Cette idée de degrés dans l’inspiration, ainsi affirmée par un éminent théologien méthodiste contemporain, nous paraît résulter de l’étude des documents bibliques, quelque combattue qu’elle ait été de divers côtés. Pour ne citer qu’un exemple, les parties historiques de l’Écriture, qui portent si visiblement le cachet du labeur du chroniqueur et de l’historien (documents compulsés, récits fragmentaires, incomplets, ou même divergents), n’ont visiblement pas nécessité une inspiration du même ordre que les parties prophétiques ou dogmatiques des livres saints. En laissant ainsi à l’action de ses collaborateurs humains une large place dans les matières qui n’intéressent pas directement la foi, Dieu a suivi la méthode qu’il suit dans l’œuvre ordinaire de sa grâce, qui agit sur l’homme en mettant en exercice toutes ses forces et toutes ses facultés. Dieu, qui ne fait pas de miracles inutiles, a laissé ses agents se servir de leurs souvenirs, de leurs informations, des sources manuscrites ou orales qui étaient à leur disposition, toutes les fois que cela était possible.

L’inspiration des écrivains sacrés n’est pas une simple exaltation de leurs facultés naturelles et ne saurait être confondue avec l’enthousiasme qu’inspire de grandes pensées. Ces hommes ne sont pas seulement des génies religieux de premier ordre, de tels génies ont existé dans l’Église chrétienne et ailleurs, mais leurs écrits ne sauraient être mis sur le même pied que ceux qui composent la Bible. L’inspiration est autre chose que l’enthousiasme, même religieux.

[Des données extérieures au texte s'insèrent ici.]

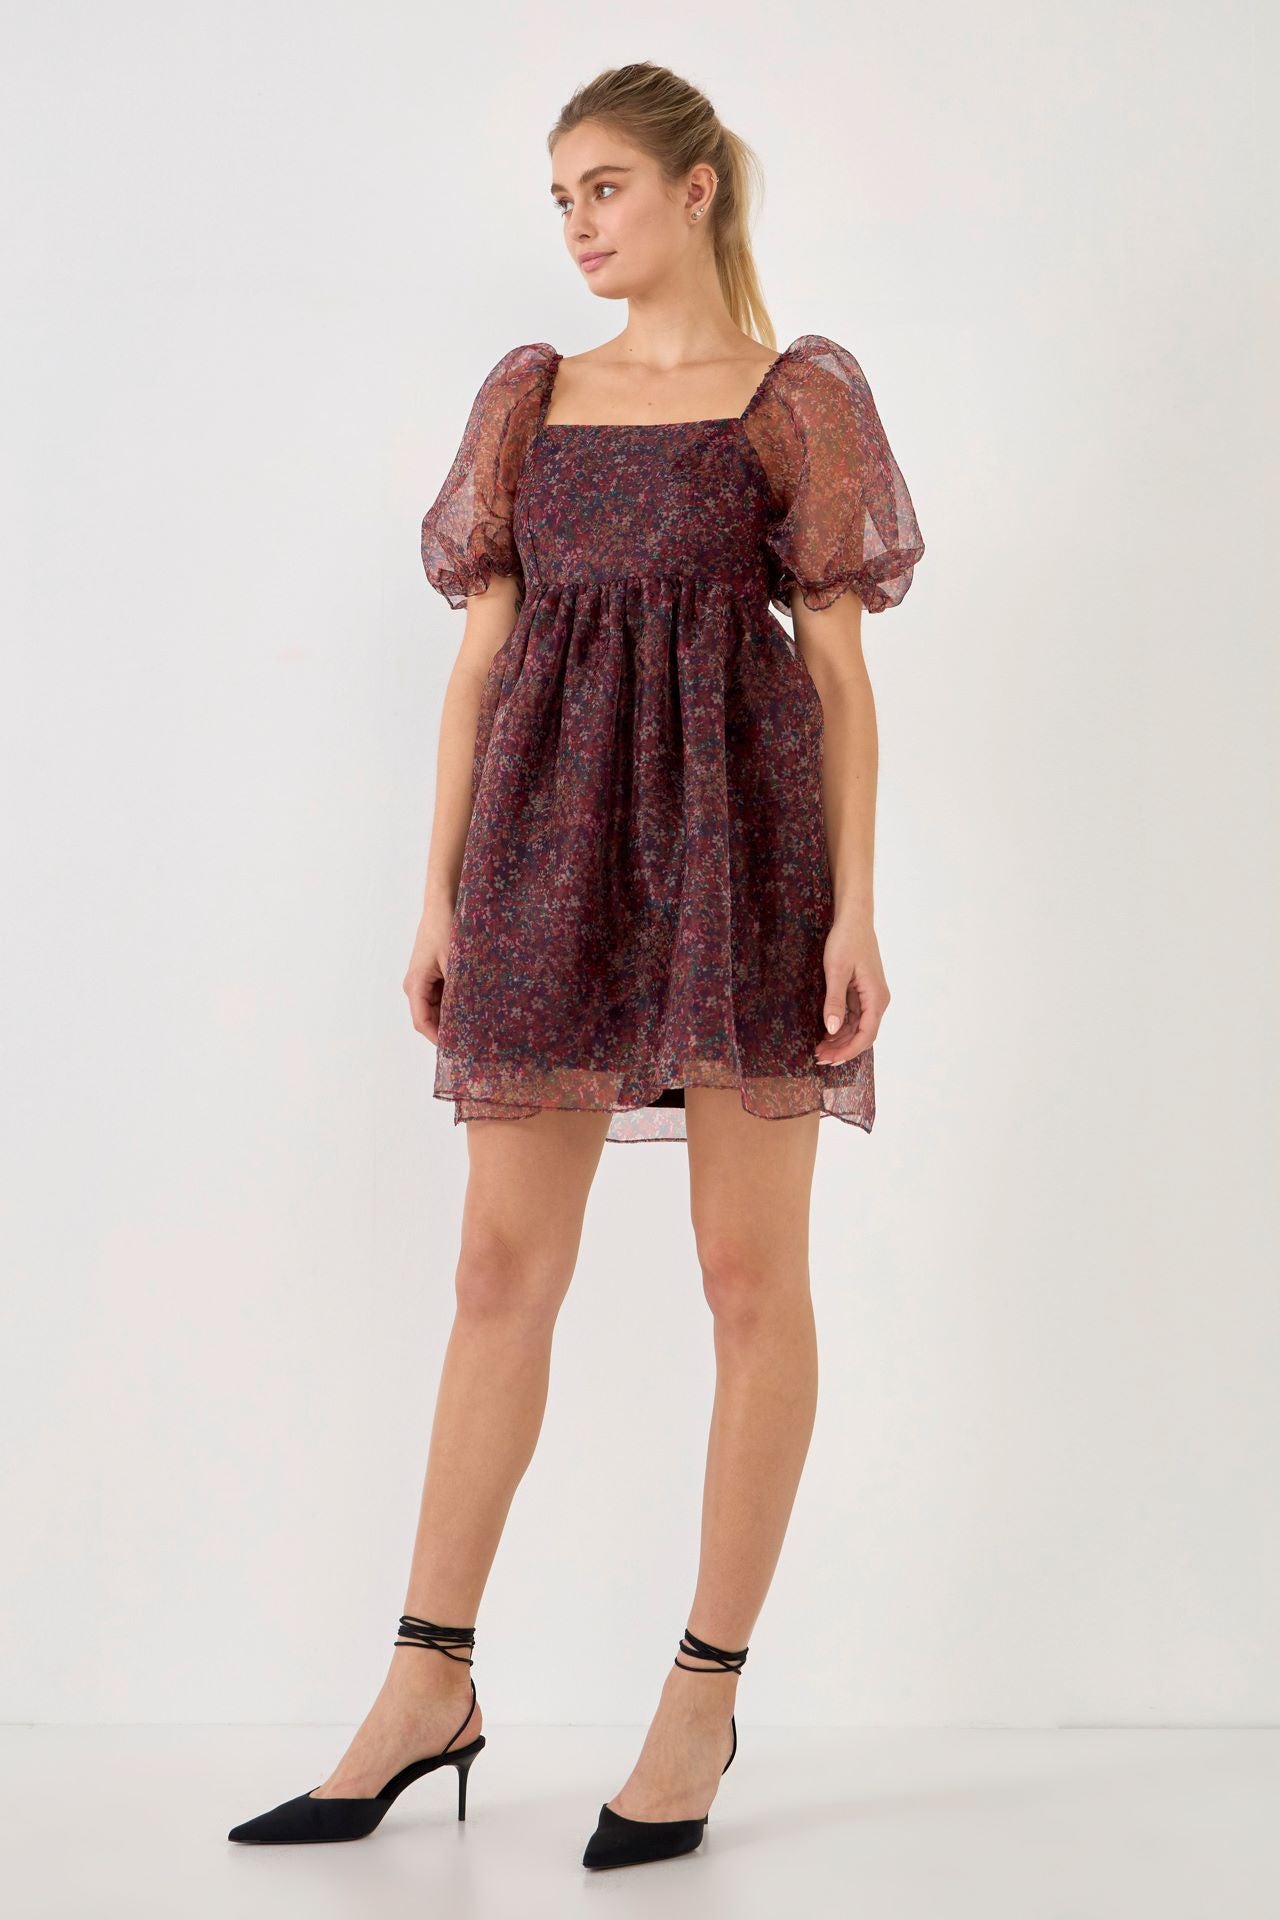 Orchard Blooms Dress

Elle est autre chose aussi que la sainteté. Sans doute, un chrétien a généralement une intelligence des vérités religieuses proportionnées à l’intensité de sa piété, et on peut entendre dans ce sens la parole de Jésus que « les cœurs purs verront Dieu ». Mais l’expérience nous apprend que la piété la plus vive ne préserve pas un homme d’erreurs parfois très graves, et qu’un saint peut être un assez mauvais théologien. Cette théorie, en faisant de tous les chrétiens des inspirés, à des degrés divers, refuse à l’enseignement apostolique un caractère normatif et définitif, et ouvre la porte à un complément de révélation que la conscience chrétienne aurait à formuler de siècle en siècle. C’est là méconnaître l’ensemble des faits et des déclarations bibliques. C’est oublier que les dons théopneustiques ont été accompagnés et légitimés par des dons miraculeux, dont la cessation a marqué aussi la fin de la Révélation.